Eurico Carrapatoso ComIH (born February 15, 1962, in Mirandela) is a Portuguese composer.

Awards and honors
2021 - DASCH - Schostakovich Ensemble Prize, with his Pour la fin, pour mon Commencement, for clarinet, violin, cello and piano

2021 - Alumni-Salamanca University Jesús García Bernalt Prize, with his Quando, for mixed choir a cappella

2017 - Performing Rights Society SPA Prize Prémio Autores 2017

2011 - Tree of Life Prize

2006 - UNESCO International Rostrum of Composers, Paris, with his O meu poemário infantil for tenor and orchestra

2004 - Decorated by the President of Portuguese Republic with Commendation of the Order of the Infante Dom Henrique

2001 - National Identity Prize

1999 - Francisco de Lacerda Composition Prize

1999 - UNESCO International Rostrum of Composers, Paris, with his Sorrow on the death of Jorge Peixinho for large orchestra

1998 - UNESCO International Rostrum of Composers, Paris, with his Cinco melodias em forma de Montemel for soprano, horn and piano

1998 - Lopes-Graça Prize from the City of Tomar

Main works

STAGE WORKS

Peer, you're lying!
2001

incidental music for the Ibsen's play Peer Gynt

Opus: 38

Duration (minutes) 110

1(picc).1(ca).1(bcl).1 - hn - perc(2) - pno - 2 vln.vla.vlc.db (with C extension)

Commission: The New Teatro Aberto

First Performance: 24.2.02, Teatro Aberto, Lisbon: Teatro Aberto's Ensemble, Joao Paulo Santos

 Wolf Diogo and Mosquito Valentim
2002

scenic cantata for two singers, speaker, children's choir and orchestra

Opus: 41

Duration (minutes) 50

Instrumentation: 2(2=picc).2.2.2. - 2hn - timp - strings (some basses with C extension)

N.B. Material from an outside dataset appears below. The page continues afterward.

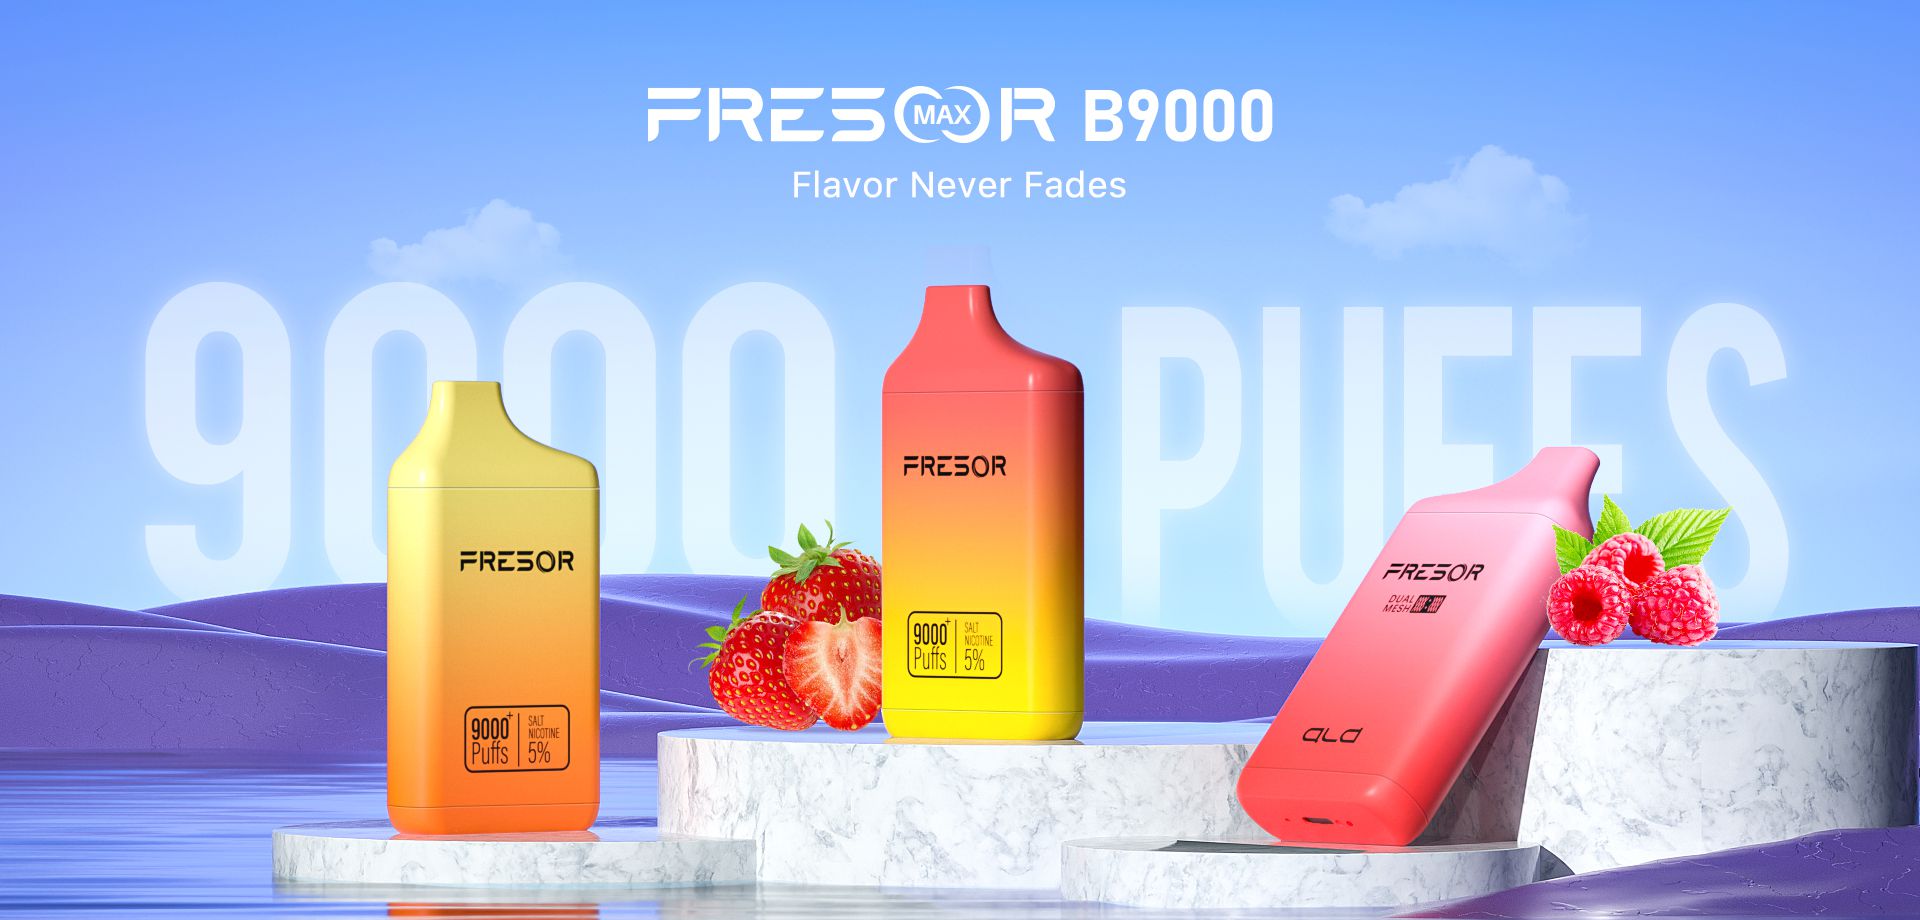 B9000 Flavor Never Fade

Singers: Fox Rose (soprano), Wolf Diogo (bass), speaker, children's choir 

Text: Antonio Pires Cabral

Language: Portuguese

Commission: Porto National Orchestra

First Performance: 20.12.02, S.John National Theater, Oporto: Angélica Neto / Jorge Vaz de Carvalho / Paulo Pires / C.P.O. Children's Choir / Porto National Orchestra / Joao Paulo Santos

 The Forest
2004
 
children's opera in two acts and sixteen scenes for five singers and orchestra

Opus: 47

Duration (minutes) 65

Instrumentation: 1(picc).1(ca).1(bcl).1(cbsn).sax(ssax) - 2hn - perc(1) - guit - harp - pno - strings (some basses with C extension)

Singers: Isabel (soprano), Dwarf (bass), Bandit (baritone), Wise man (baritone), Music Teacher (tenor), Tree (speaker), children's choir, male choir (ad libitum) 

Text: Ana Maria Magalhaes and Isabel Alçada after Sophia de Mello Breyner Andresen

Language: Portuguese

Commission: Teatro Nacional de São Carlos (Portuguese National Opera House)

First Performance: 28.2.04, Sao Luiz Theater, Lisbon: Angelica Neto / Jose Corvelo / Armando Possante / Rui Baeta / National Conservatoire Children's Choir / Portuguese Symphony Orchestra / Joao Paulo Santos

 The death of Ludwig II of Bavaria
2010
 
music drama in one act and one scene for soprano, mezzo, chorus and orchestra

Opus: 58

Duration (minutes) 13

Instrumentation: 2hn - timp - strings (some basses with C extension)

Singers: Death (soprano), Providence (mezzo), mixed choir 

Libreto: João Botelho after Bernardo Soares's text (one of Fernando Pessoa heteronyms) Funeral march for Ludwig II of Bavaria (in The Book of Disquiet - 1920's ~ 30's)

Language: Portuguese

Commission: AR DE FILMES

First Performance: 13.12.2010, open space, Sintra Forest (the Glorious Eden, quoting Byron)

 Sabina Freire
2009-2010
 
opera in three acts and thirty scenes for eight singers and orchestra

Opus: 60

Duration (minutes) 120

Instrumentation: 1(picc).1(ca).2(bcl).2(cbsn) - 4hn. 1 - perc(1) - timp - harp - strings (some basses with C extension)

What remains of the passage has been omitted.